D’où l’importance de la position de la république
islamique d’Iran, depuis que son fondateur et regretté père spirituel,
l’Imam Khomeyni, a déclaré la Palestine et al-Quds la boussole des
peuples musulmans, ce qui signifie que les conflits entre les musulmans
peuvent être réglés par des accords et des ententes, mais non pas celui
qui existe entre les peuples musulmans et l’entité sioniste. Cette
attitude est non seulement « religieuse » dans le sens étroit du terme
(lutte contre « al-istikbar »), mais civilisationnelle, historique,
géographique et géostratégique. L’entité sioniste est le « mal absolu »
et les Etats-Unis, « le grand Satan ». Au-delà des slogans qui font rire
certains, l’imam Khomeyni a tracé la position de la nation contre
l’ennemi sioniste et son protecteur, l’impérialisme américain. Ni les
Etats-Unis, ni l’Europe, ni l’ONU ne peuvent aider à « régler le
conflit », au contraire. Concernant la Palestine, l’Iran ne négocie pas
et refuse de le faire dans le cadre des négociations sur le nucléaire,
ce qui a fait dire à certains que l’Iran ne se préoccupe pas de la
Palestine, souhaitant le voir participer au règlement du conflit, en
tant que puissance régionale(!).
Parce que la libération de la Palestine est le devoir de
tous les peuples arabo-musulmans, et que leur unité est nécessaire pour
ce but, ils doivent rejeter toutes les tentatives impérialo-sionistes
de leur désigner comme ennemis des acteurs régionaux connus pour leur
antisionisme profond et radical et qui ont fait leur preuve en
combattant les sionistes, en remportant des victoires contre eux et en
soutenant la résistance palestinienne jusqu’à présent, dans les actes et
non dans les discours, et qui refusent de normaliser toute relation
avec l’ennemi. Comme ils doivent par contre se tourner contre toutes les
tentatives de normalisation des relations avec l’occupant sioniste,
dans les domaines les plus divers, normalisation qui menace déjà le
tissu social et politique de nombreuses sociétés, par le biais des
relations entretenues avec des structures européennes ou américaines.

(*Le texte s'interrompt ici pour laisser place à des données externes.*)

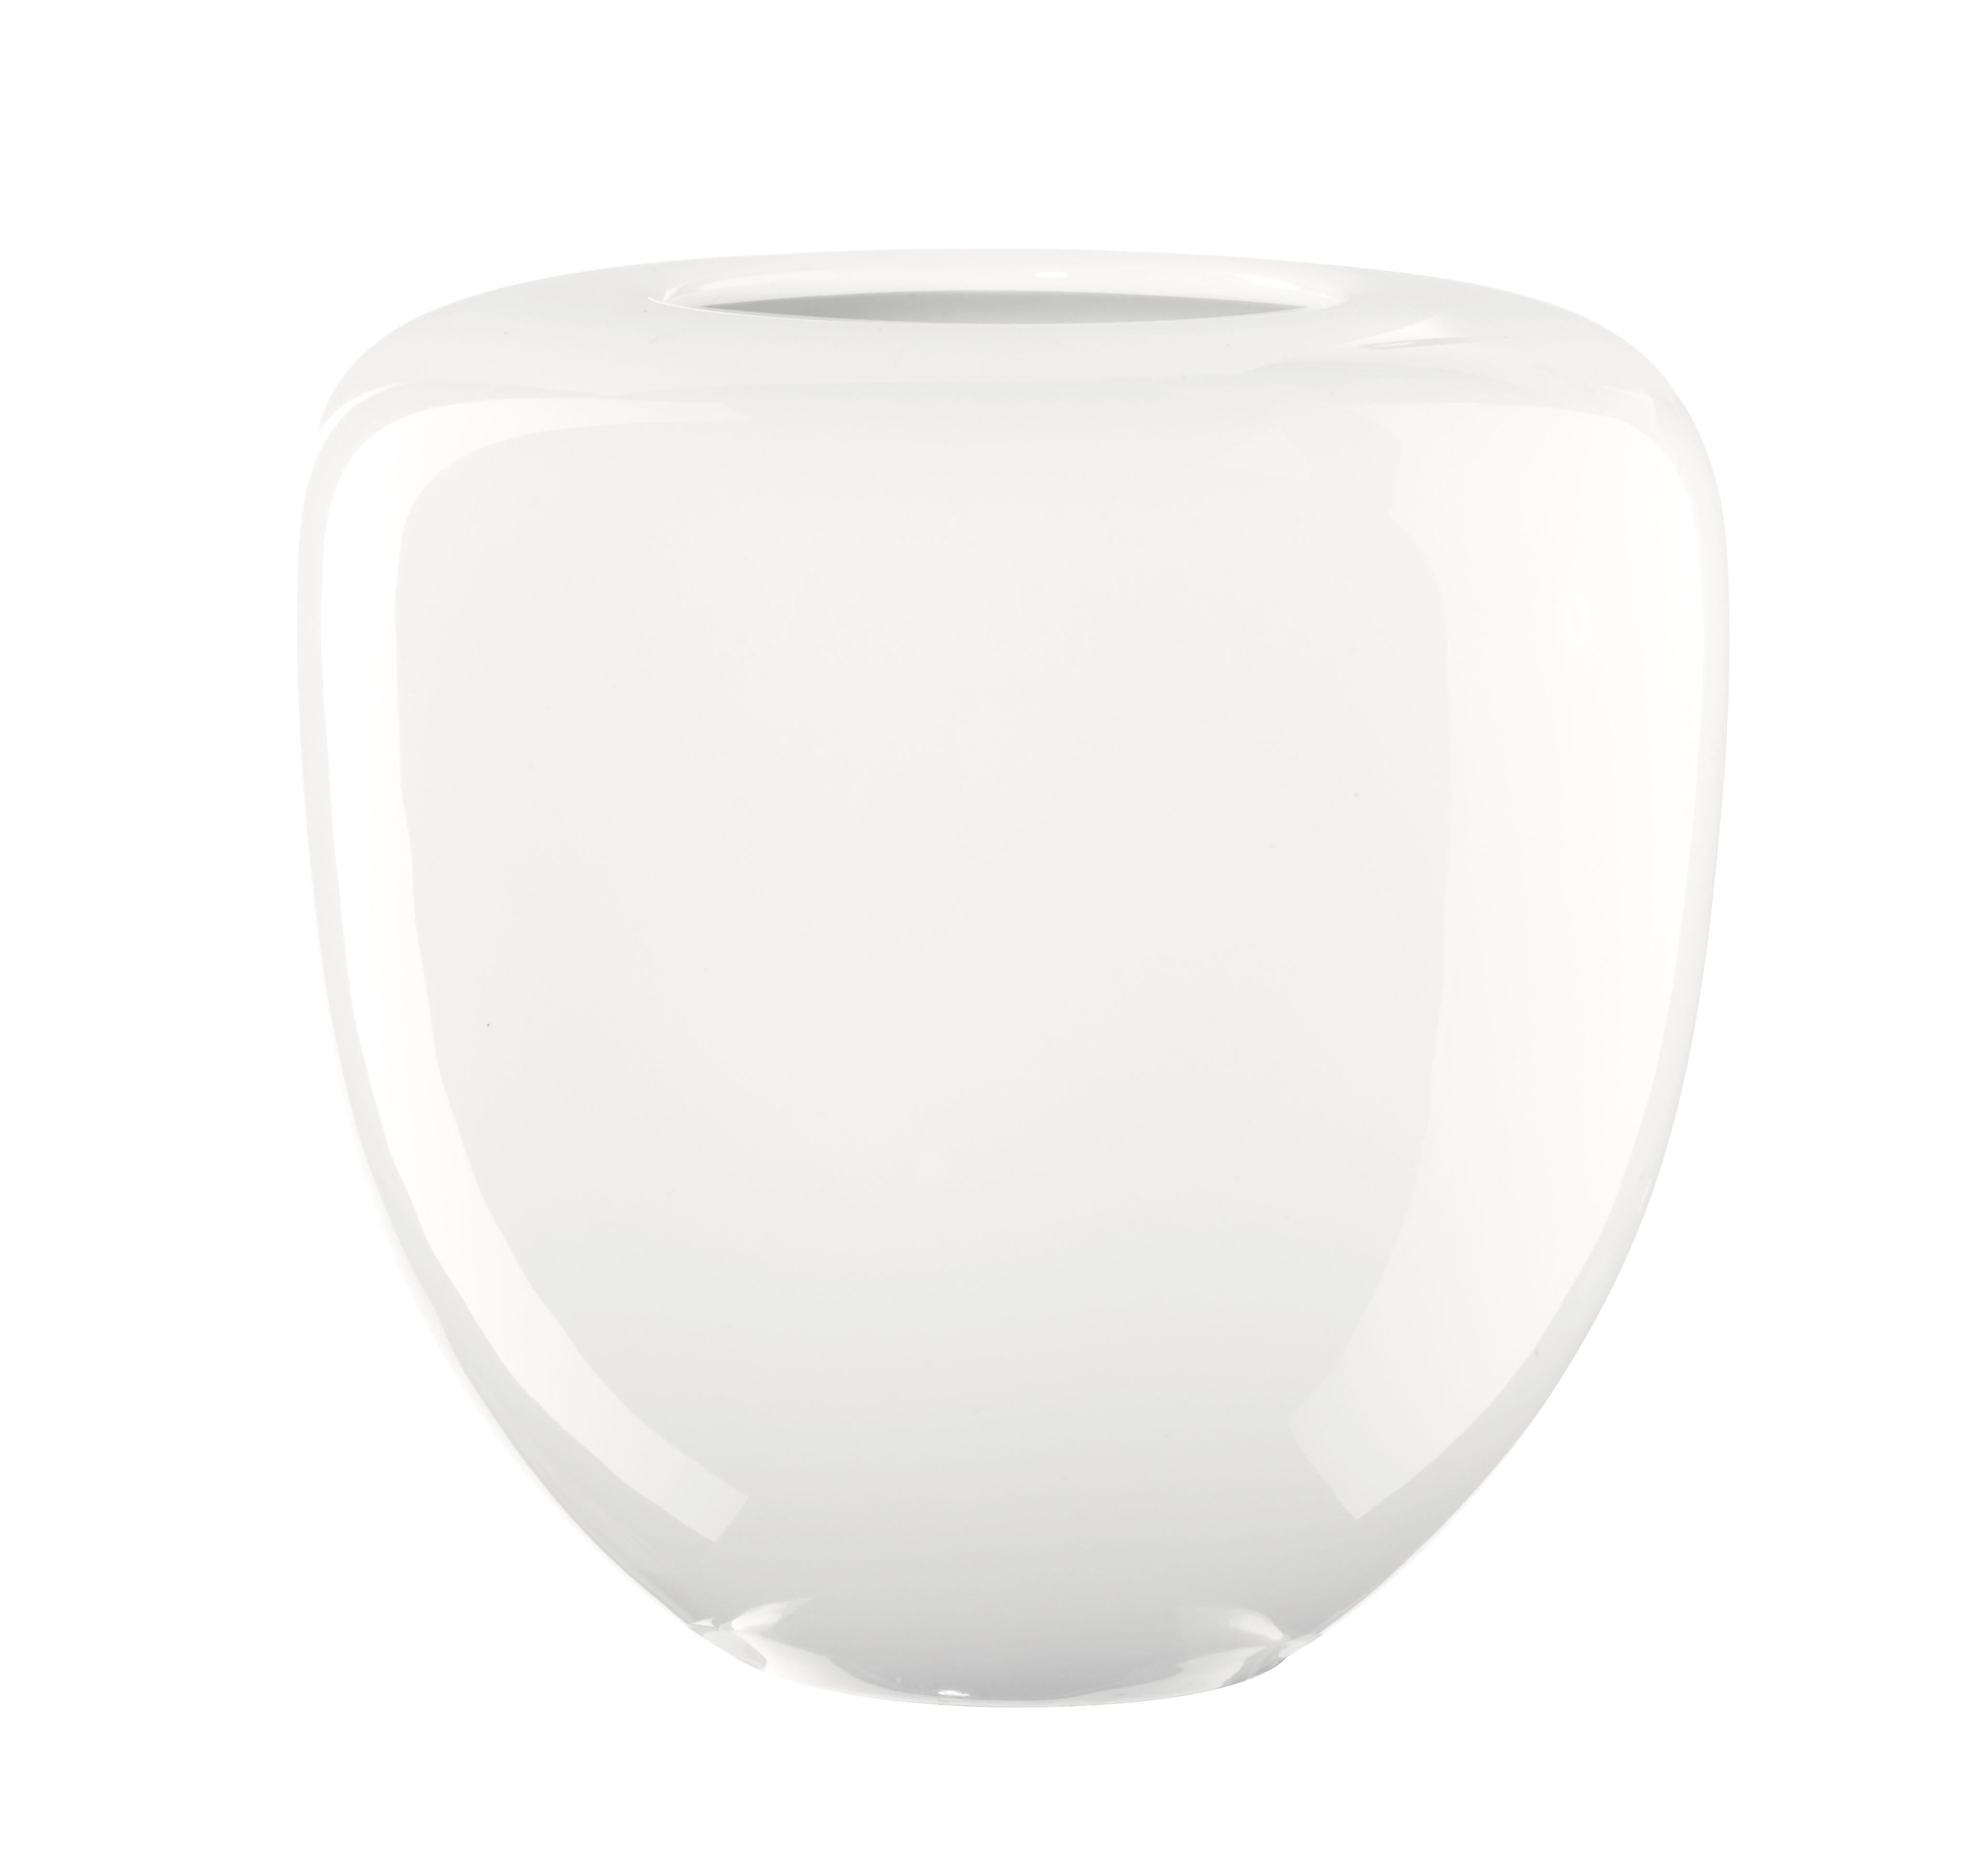 VASE - Weiß, Basics (9.3/9cm) - ASA
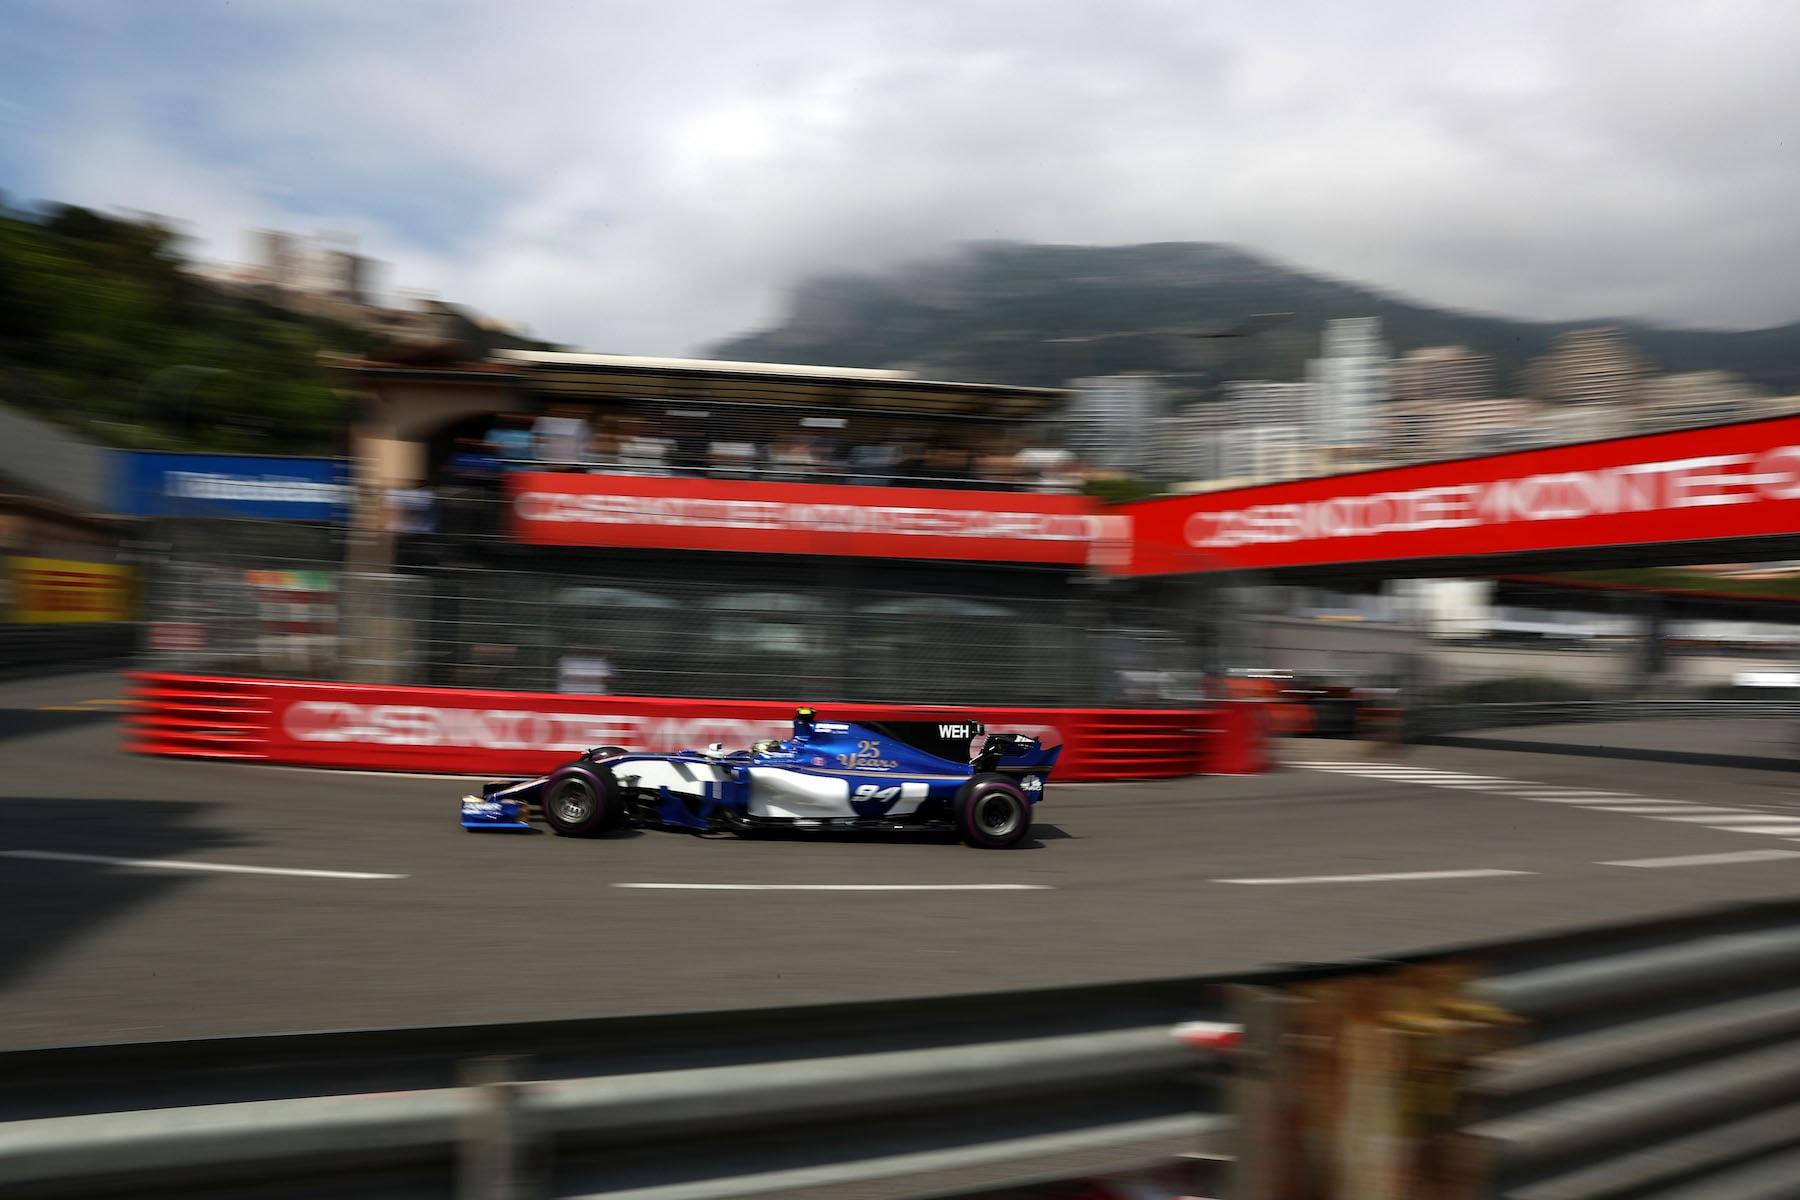 2017 Pascal Wehrlein | Sauber C36 | 2017 Monaco GP FP2 3 copy.jpg

La mobilisation populaire arabo-musulmane pour la
libération de la Palestine exige de nombreux sacrifices comme elle
réclame un approfondissement de la réflexion et de l’étude, pour essayer
de comprendre justement comment le sionisme et ses alliés
impérialistes, Etats-Unis, Union européenne et autres, tentent non
seulement de nous diviser et de créer des entités territoriales servant
leurs intérêts, mais nous empêchent de concevoir la Palestine faisant
partie de notre nation arabo-musulmane, toute la Palestine, du fleuve
Al-Urdun à la Mediterranée, et qu’il est de notre devoir de la libérer.